How are the demographics of poverty changing? Mapping Poverty is a visual exploration of the US census data on poverty by county over time.
US Census Bureau Poverty County estimates were collected from 2012 to 2015 and mapped on a choropleth to visualize what happens to impoverished counties over time.
Using d3.js, poverty data was mapped to a choropleth map. First a d3 Scale was created to map from our poverty rate data to an output range used in our map.

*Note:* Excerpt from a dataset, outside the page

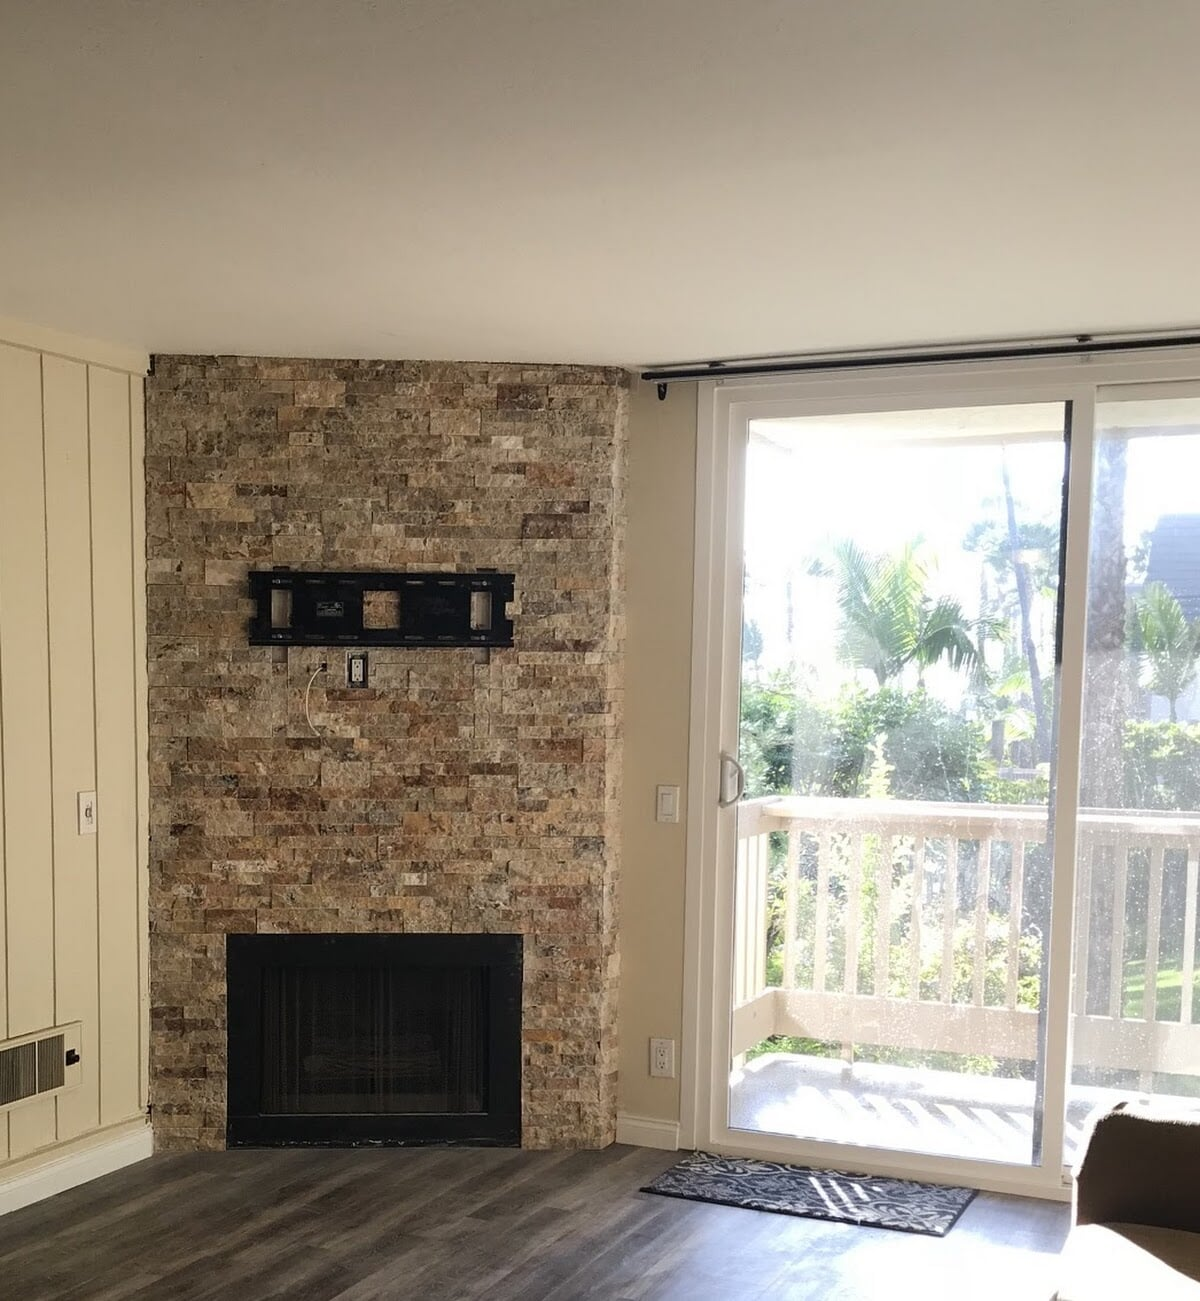 Stone fireplace installation in Carlsbad, CA from Savon Flooring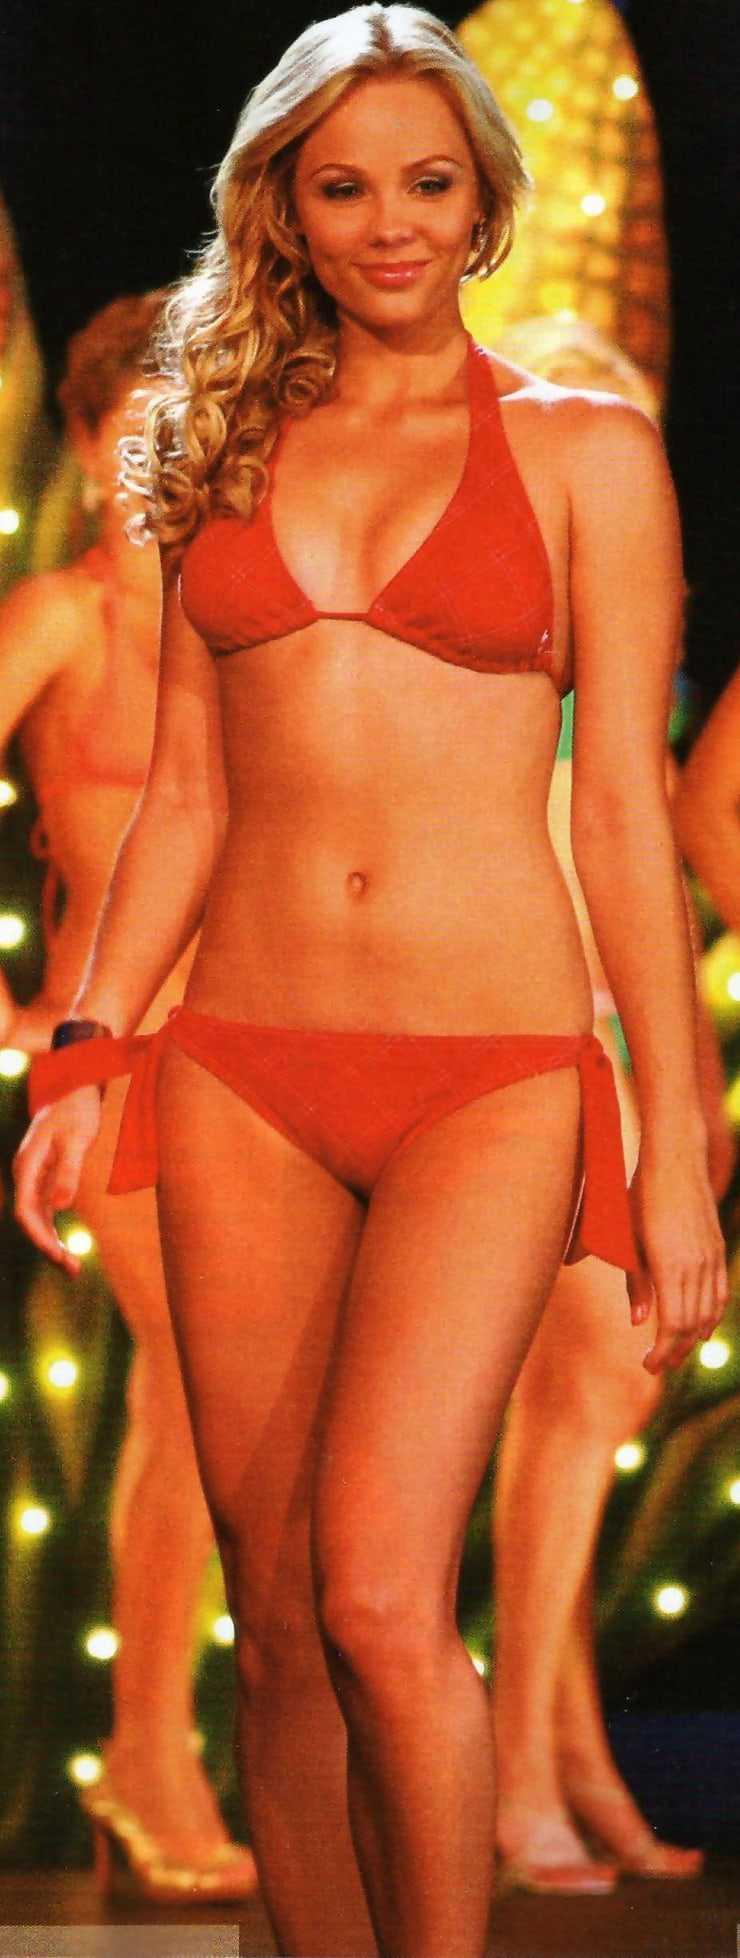 Laura Vandervoort sexy red bikini pics

const x = d3.scaleLinear()
.domain([3, 50])
.rangeRound([600, 860]);
const color = d3.scaleThreshold()
.domain([10, 20, 30, 40, 60])
.range(d3.schemeBuPu[5]);
Both poverty rate and TopoJSON data are loaded asynchronously. Using the queue.js library, our map was drawn via a callback function called after data was loaded and county lines were drawn. A simplified version of the code is seen below, where the key
is the column heading for the year specified by the dropdown value. The processData
function draws county and state lines based on the TopoJSON.
d3.queue()
.defer(d3.json, "https://d3js.org/us-10m.v1.json")
.defer(d3.tsv, "./data/PovertyEstimates_all_years.tsv", d => (PovertyEstimates.set(d.id, d[key])))
.await(processData);
Small Area Income and Poverty Estimates (SAIPE) are published by the US Census Bureau by combining data from administrative records, postcensal population estimates, and the decennial census with direct estimates from the American Community Survey. Additionally, U.S. Census Bureau regularly publishes cartographic boundary shapefiles. These can be converted to TopoJSON with the use of shp2json, ndjson-cli, and additional tools. This project uses TopoJSON county boundaries graciously provided by Mike Bostock.